01「デモは動く、本番に乗らない」の正体

2025年から2026年にかけて、シリコンバレーの技術者コミュニティの関心は「AIエージェントをどう作るか」から「どう本番で運用し続けるか」へ、はっきりと移りました。プロトタイプは驚くほど簡単に動きます。ところが、それを社内の基幹システムにつなぎ、監査に耐え、コストが読め、壊れたときに原因を追えるかたちにしようとした瞬間、多くのチームが足を止めます。

背景には数字もあります。ある調査では、すでに57%の組織が何らかのAIエージェントを本番に投入している一方で、観測性(オブザーバビリティ)はAIスタックの中で最も評価の低い領域と報告されています。品質を本番化の最大の障壁に挙げる声も根強く、AIによる判断の多くはいまだ人間の確認を必要としています。

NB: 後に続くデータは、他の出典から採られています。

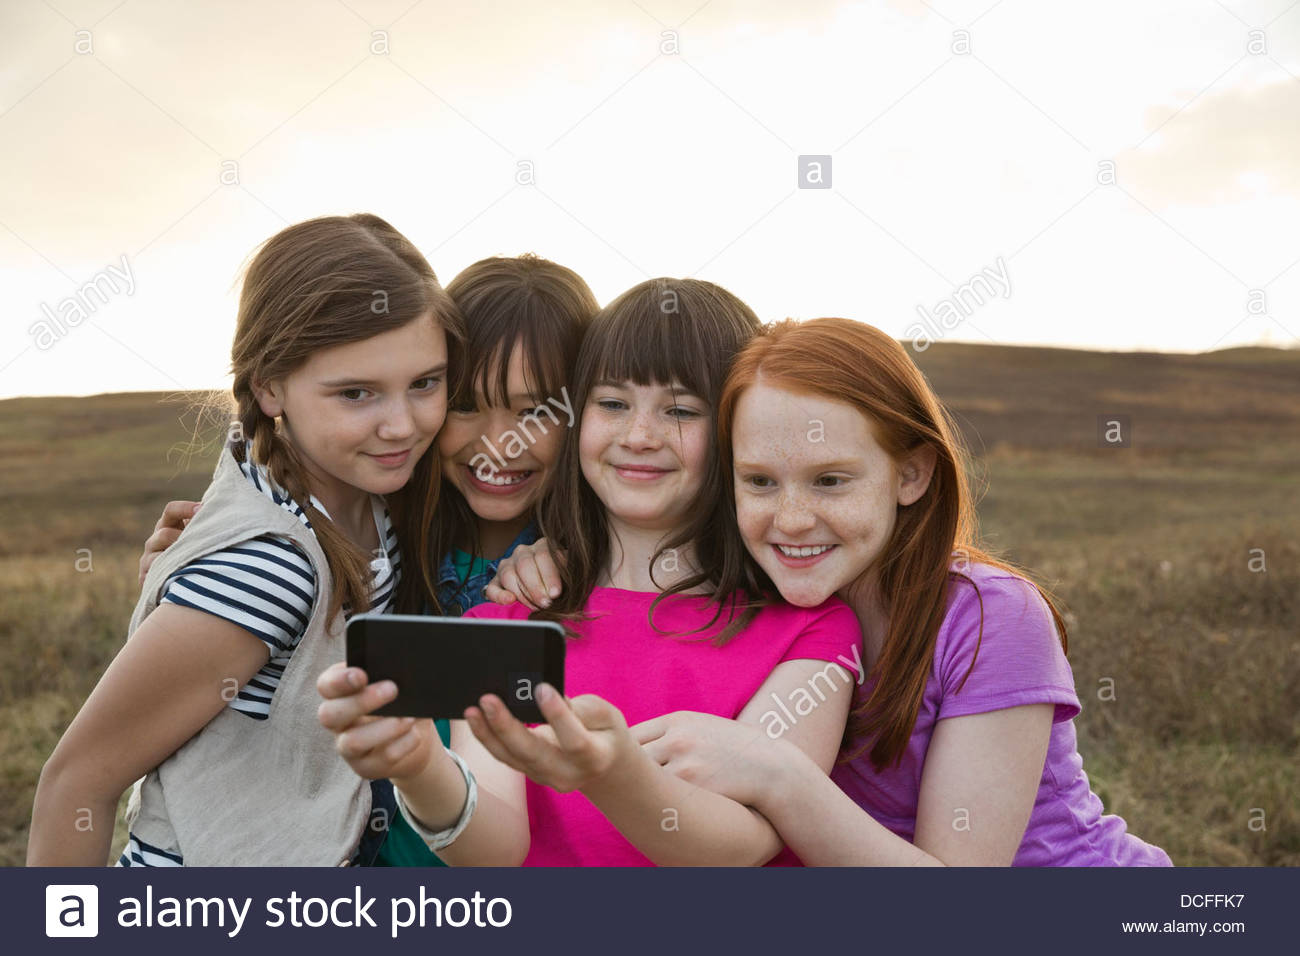 Smiling schoolgirls taking self-portrait outdoors - Stock Image

「作れる」と「運用できる」の間には、依然として深い谷があるということです。

本稿では、欧米で交わされている本番化の議論を、標準化(MCP)・評価・権限・コスト・観測という5つの壁に整理し、それぞれについて一次情報を追いながら、日本のエンタープライズが取れる現実的な打ち手を考えます。誇張抜きで、いま押さえておくべき論点だけをまとめます。

02MCPという「つなぎ方」の標準化が進んだ

エージェントが価値を出すのは、社内API・データベース・SaaSといった「外の世界」に手を伸ばせるからです。その接続方法を標準化しようとしているのがModel Context Protocol(MCP)です。当初は同期的なツール呼び出しを標準化する軽量プロトコルでしたが、2025年11月の仕様改訂で、エンタープライズの本番運用を強く意識した内容へと踏み込みました。

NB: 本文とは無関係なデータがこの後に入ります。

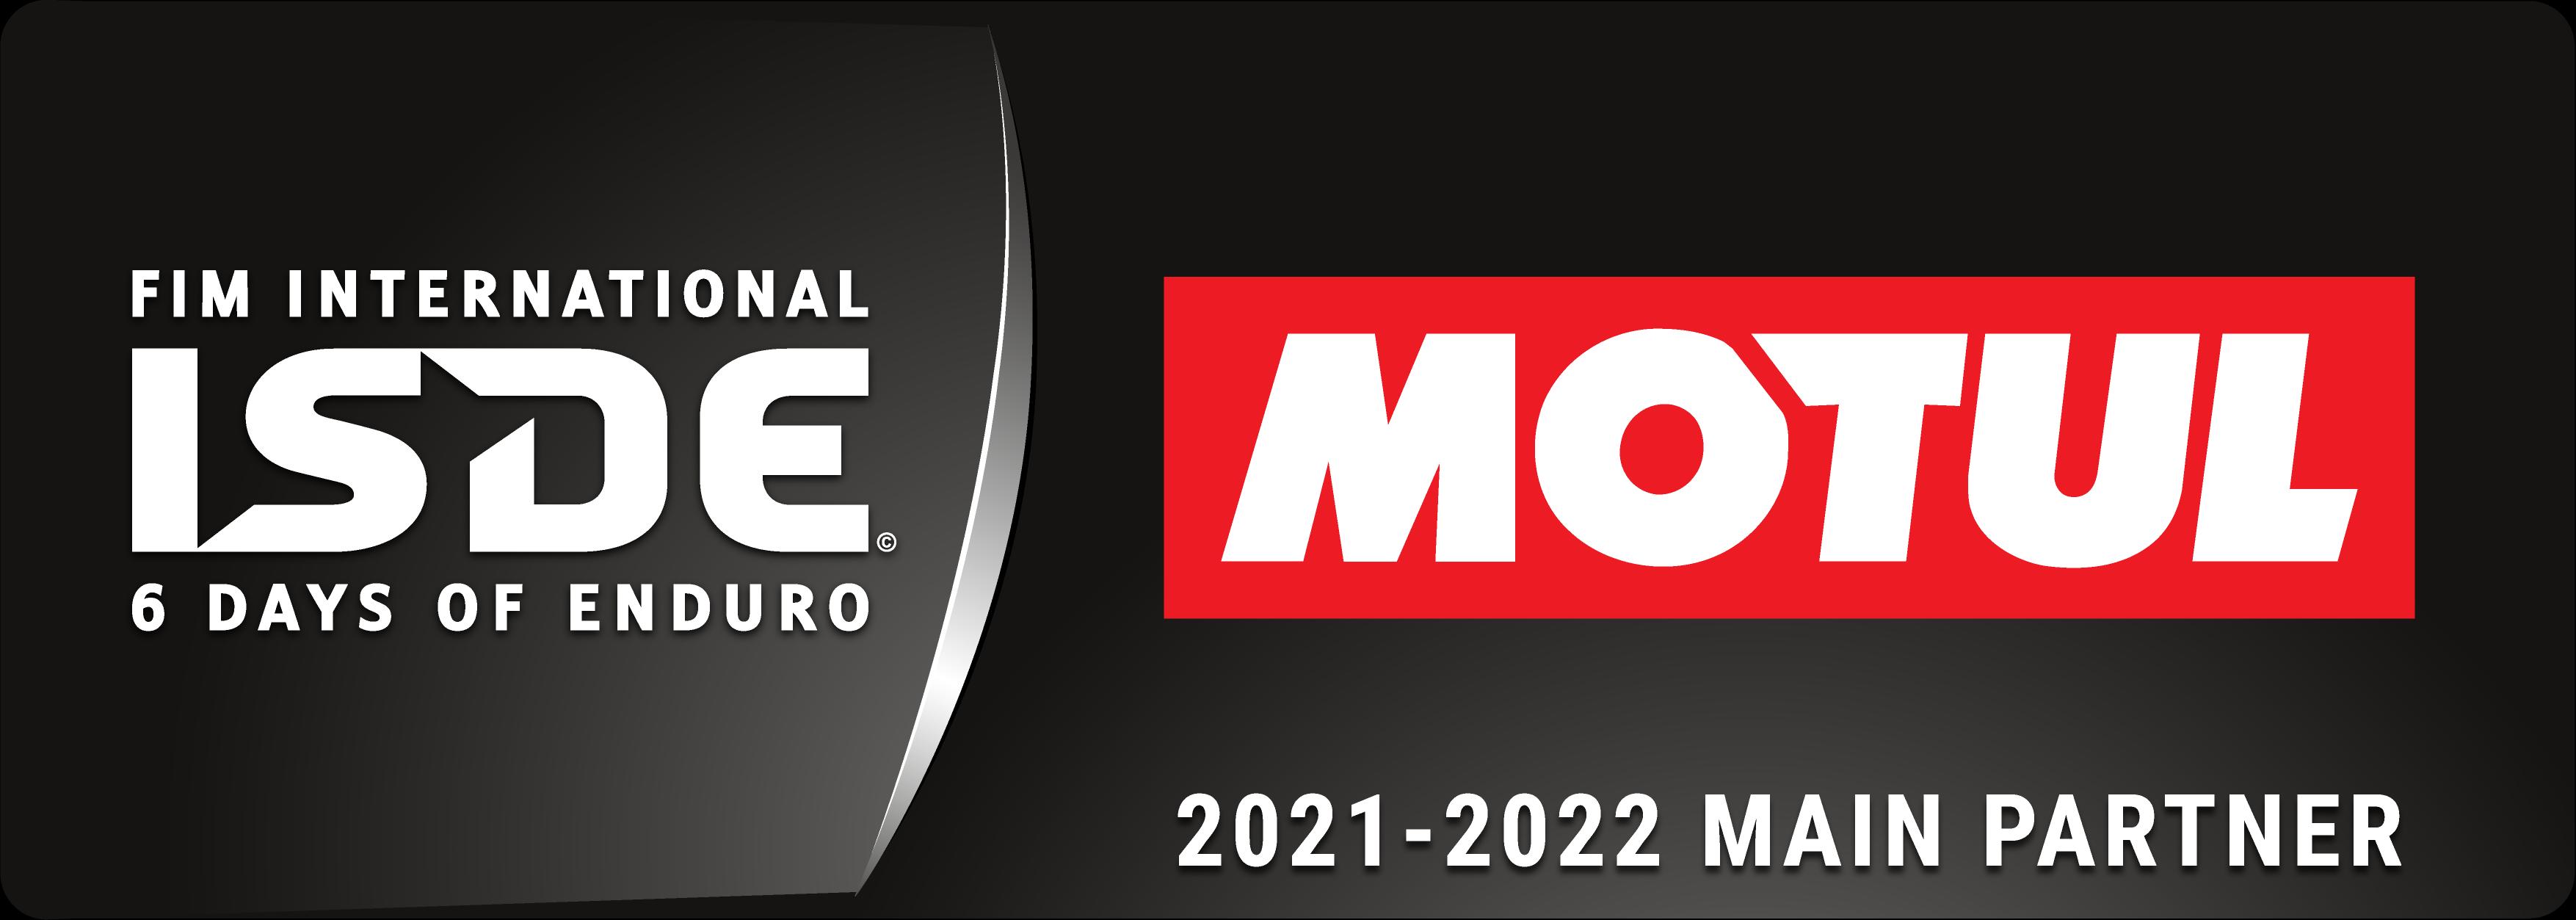 ISDE2021-22-Motul-H.png

公式ブログが挙げる主な変更点は、実務者から見て示唆的です。

ポイントは、MCPが「便利な接続規格」から「統制された接続規格」へと性格を変えつつあることです。仕様書自体も、ツールの説明(アノテーション)は信頼できるサーバー由来でない限り信用してはならない、ツール実行前にユーザーの明示的な同意を得るべきだ、と繰り返し釘を刺しています。エージェントに与える「手」の一本一本を、認証・認可・同意で締めるという発想です。

現場のコツ:MCPを検討するなら、まず「どのサーバーを、誰の権限で、どのスコープで呼ぶか」を接続前に台帳化してください。IdP(Entra ID等)との連携ポイントと監査ログの出口を先に決めておくと、後からの統制追加で作り直す事故を避けられます。仕様が固まりきる前でも、この設計原則は変わりません。

03評価(Eval)という一番地味で一番効く壁

欧米の議論で「本番化の最難関」として繰り返し挙がるのが評価です。従来のソフトウェアは、入力に対して出力が決まっていました。エージェントは非決定的で、同じ指示でも通るパスが毎回変わります。そのため「正しく動いているか」を、システムメトリクス(レイテンシやエラー率)だけでは測れません。

本番で本当に見たいのは、タスクの完了率、事実性(ハルシネーションの有無)、ツール選択の妥当性、そして業務目的との整合です。これらを継続的に測る評価データセットと採点ロジックを、機能実装と同じ重みで設計する必要があります。ここを飛ばすと、「なんとなく動いているが、なぜ良いのか悪いのか説明できない」システムが本番に居座ることになります。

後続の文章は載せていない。